While some EDA tools are already qualified, designers must acquaint themselves with new issues, including making place-and-route more thermal-aware and how to manage heat dissipation with less shielding and thinner substrates. Today, Intel and imec have proposed separate backside power configurations. Each comes with pros and cons, and both add new challenges.

“There are concepts in which each standard cell is connected to the backside power grid via TSVs,” said Andy Heinig, head of department for efficient electronics at Fraunhofer Institute for Integrated Circuits IIS Engineering of Adaptive Systems Division. “In this case, the reliability of the power grid is critical, as failures of individual TSVs can lead to malfunctions of the entire system. But these concepts require TSVs with a very small diameter, which leads to TSVs with a poorer yield.”

Using larger TSVs, which might seem to be an obvious solution, leads to a mixture of power/ground layers on the back, as well as on the front. “The disadvantage is that such concepts block some routing resources on the frontside,” said Heinig. “As a result, such concepts cannot realize the entire power of the backside power delivery. Energy-saving concepts require certain different power/ground structures that are isolated from each other, but also require active transistors to switch the power grid on and off. Such active devices are only present on the frontside, which means that different connections are required between the front and backside.”

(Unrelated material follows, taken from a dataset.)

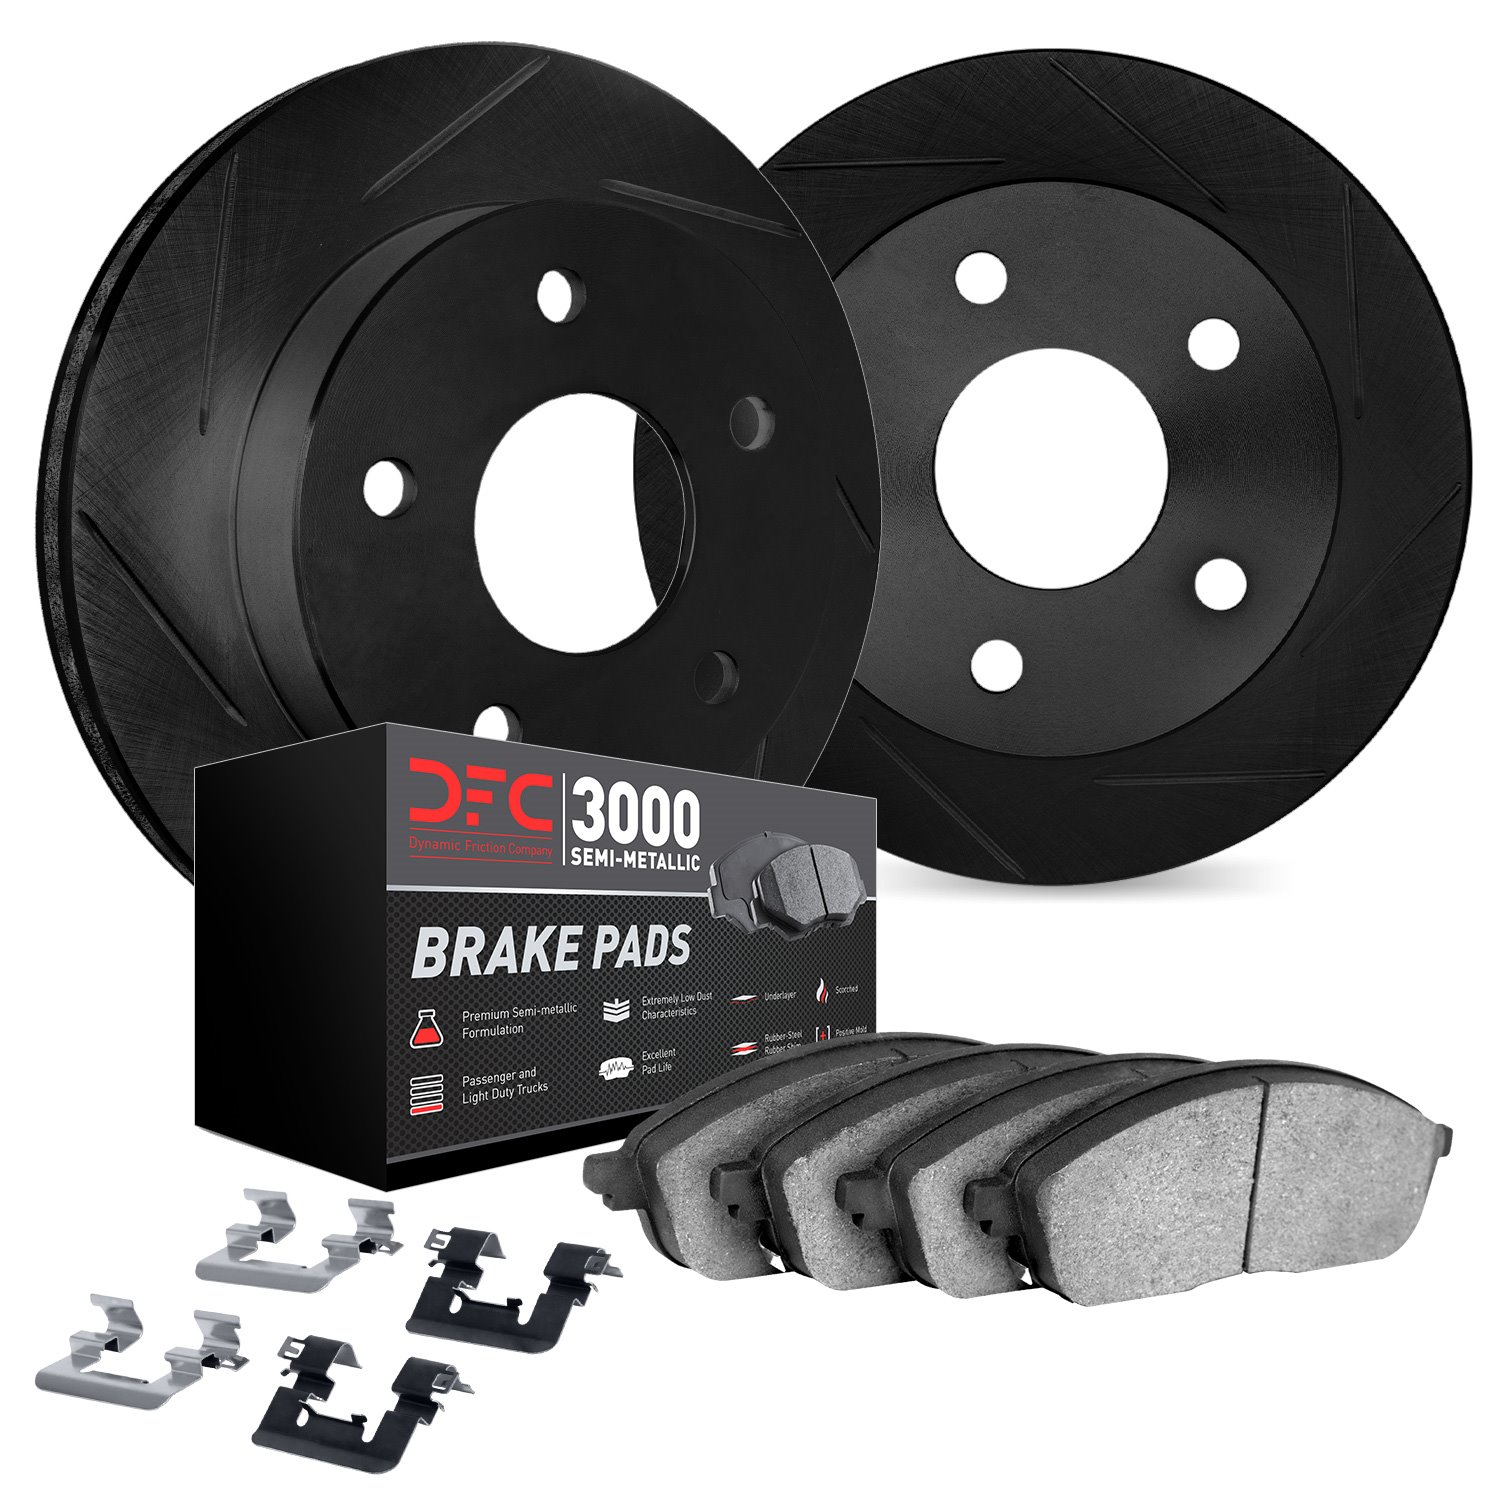 3112-58024 Slotted Brake Rotors with 3000-Series Semi-Metallic Brake Pads Kit & Hardware [Black], Fits Select Acura/Honda, Posit

From a larger system perspective, the chip is going to look similar regardless of how the power is delivered to the individual transistors. “For example, all the pin-outs are going to look the same, so the system designer doesn’t have to do anything to get the benefits,” said Eric Fetzer, an Intel fellow. “In terms of system impacts, when the losses are improved right on the silicon, the other losses in the system have a more significant performance bottleneck. If it was X% from the wall to the regulator, X% from the regulator to the CPU, and X% on the CPU, I’ve now just taken that X% on the CPU and improved it, so the other two items become the problem pieces of the pie. Thus, by reducing some of the losses on-die, you now want to focus on improving the losses off-die because your return is bigger for that.”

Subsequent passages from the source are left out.